The opening was lively,  fun and packed with artists, friends and family of the artist. I even ran into an old friend from the East Village days, Jennifer Bolande and her husband artist Canon Hudson, in town for a show of Canon's.

We then stopped by a pop-up gallery that was doing a huge show of women abstract painters, which
Joanne Greenbaum (and Sheeba) at "A Painting Show"
with her painting on her left.

 Polly Apfellbaum's floor painting "L'A-ZP" 
   included a painting of our friend (and neighbor) Joanne Greenbaum. Her neon pink abstract piece with complex drawing and map-looking patterning really stood out in a room full of paintings of more subdued tones. The three large rooms of the Harris Lieberman space at 508 West 26th Street were full of the artists, friends, collectors and writers. It was fantastic to see so many really strong American women artists, being celebrated and acknowledged for their work in the communal venue. The buzz about the show was very good.
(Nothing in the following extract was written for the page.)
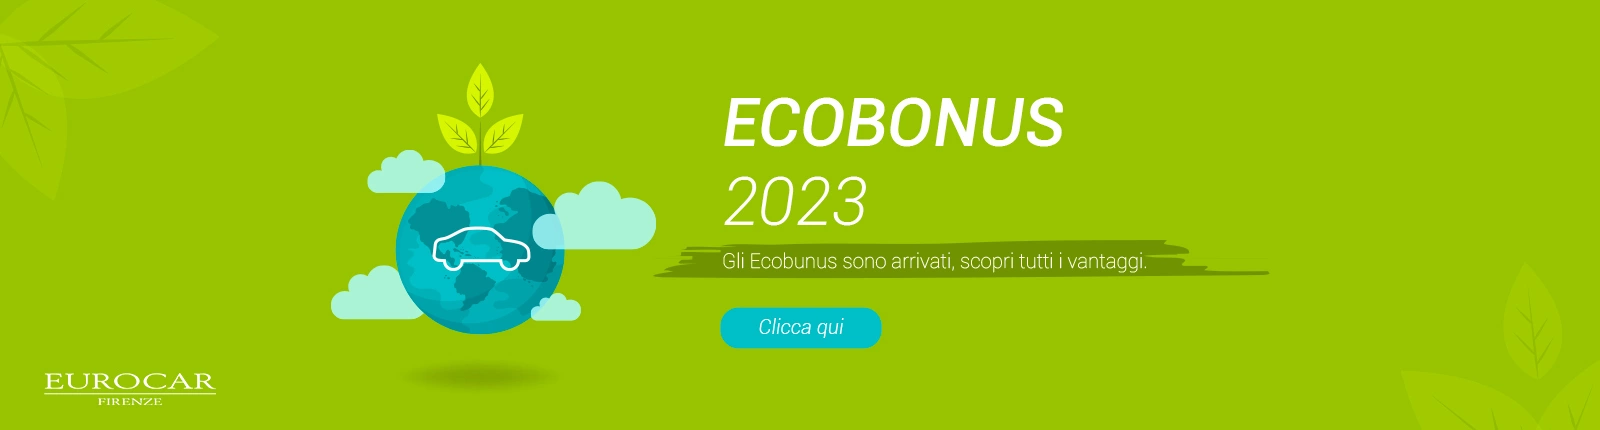 Ecobonus 2023 - Scegli tra Volkswagen, Audi, SEAT, Škoda o Cupra

"Silver Donald" by Joyce Pensato (left), Joanne Greenbaum's
painting (center) and four pieces by Kristin Baker in The Painting Show.
Finally, we stopped by our main destination of the night, D'Amelio Terras gallery (525 West 22nd Street) to see a show of works on paper by Robert Moskowitz. His work was hung in the smaller gallery, with the large east wall filled with a grid hanging of rows of twenty-one black and white painted works on paper, devoted to the theme of New York.  The center piece was a minimal work with the recognizable spire of the Empire State Building. Other pieces had the top of a smokestack, and flying birds.
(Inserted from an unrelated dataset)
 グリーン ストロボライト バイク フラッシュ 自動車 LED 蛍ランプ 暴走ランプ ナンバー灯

The artist Matt Keegan opened his show "I Love NY" in the main space with an installation of photographs taken in NYC and the two shows complimented each other very nicely. After Robert's opening the gallery directors of D'Amelio Terres kindly invited my husband Kerry and I to celebrate at a dinner at a Chelsea neighborhood restaurant. The mood at Izakaya was buoyant, the Sake flowed and their traditional Japanese pub food was very good. Oustanding dishes included the Fried Oysters, the Spicy cucumbers and the pork fried rice was one of the best friend rice dishes I've had.
Congratulations to our friends on their wonderful shows!